第62章 異変 2
大体の大蛇丸のことは把握した。
…となると、大蛇丸の目的は一体何なのか。
先程火影様は、大蛇丸はこの里に恨みを持っていると言っていた…。
(なら、この里を襲うこと?)
でも、単独でこの里に復讐することだけを目的としているならば、大蛇丸の行動はおかしい。
わざわざ受験者に成りすます必要があったのだろうか。
何故、第二の試験に紛れ込むことを決めたのか…。
(もしかしてこの里には、他にも何か仕掛けられていて、私たちが気付いていないだけなんじゃ…)
さきは暫く考え込んだ。
そして、あるひとつの可能性にたどり着く。
『…火影様…まさかですが、同盟国が木の葉の里を裏切ることはありませんよね…?例えば…この中忍試験に潜入し、戦争を始める…とか……』
大蛇丸はどの里の驚異でもある反面、味方になればとんでもない戦力になる。
大蛇丸と組めば、木の葉の里を裏切って争いを起こす…なんてことも可能だろう。
火影様はゆっくりと煙を吐きながら、足元に目を落とした。
「…はっきり言って、裏切る可能性もあるだろう。木の葉はどの忍里にも劣らん経済力、戦力、そして安定した暮らしがある。

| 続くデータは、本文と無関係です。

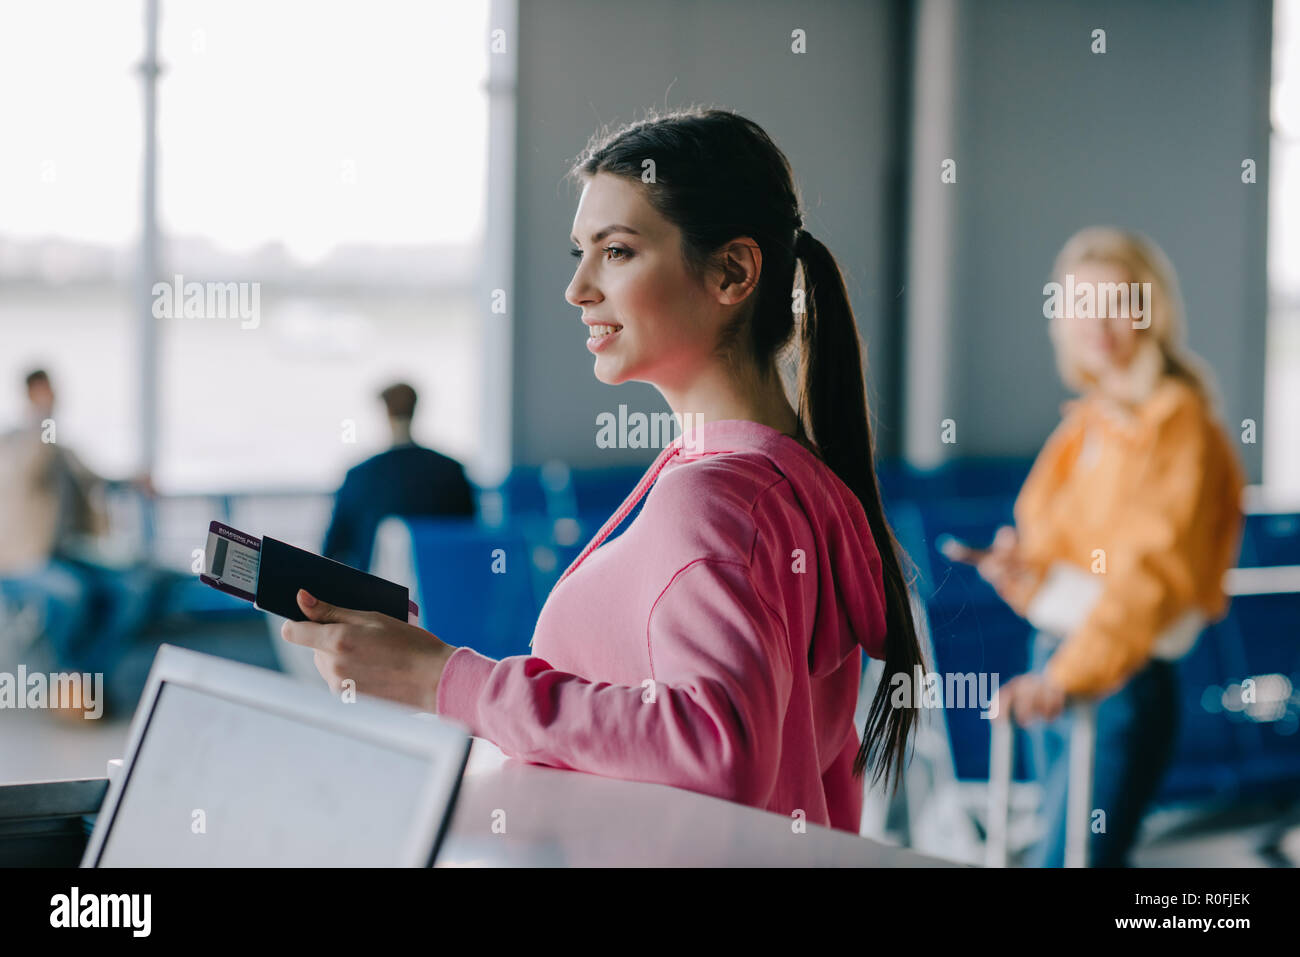 smiling young woman holding passport and boarding pass in airport terminal Stock Photo

…様々な犠牲の上に成り立つ条約は、両国の信頼関係あってのものじゃ…。
今の世界情勢を見る限り、力さえ手に入ればそれは意味の無いものだとも言える…」
さきの元いた世界では、当たり前のように国際会議が行われて、国のトップ同士の対談が何度も何度も繰り返し行われる。
そして、条約を取り締まる機関も設けられていて…
(――― なんて過ごしやすい世界だったんだろう)
戦争を経験した人々が、どうすれば平和な世界になるのかを考えた結果が、私の生きていた世界なんだ。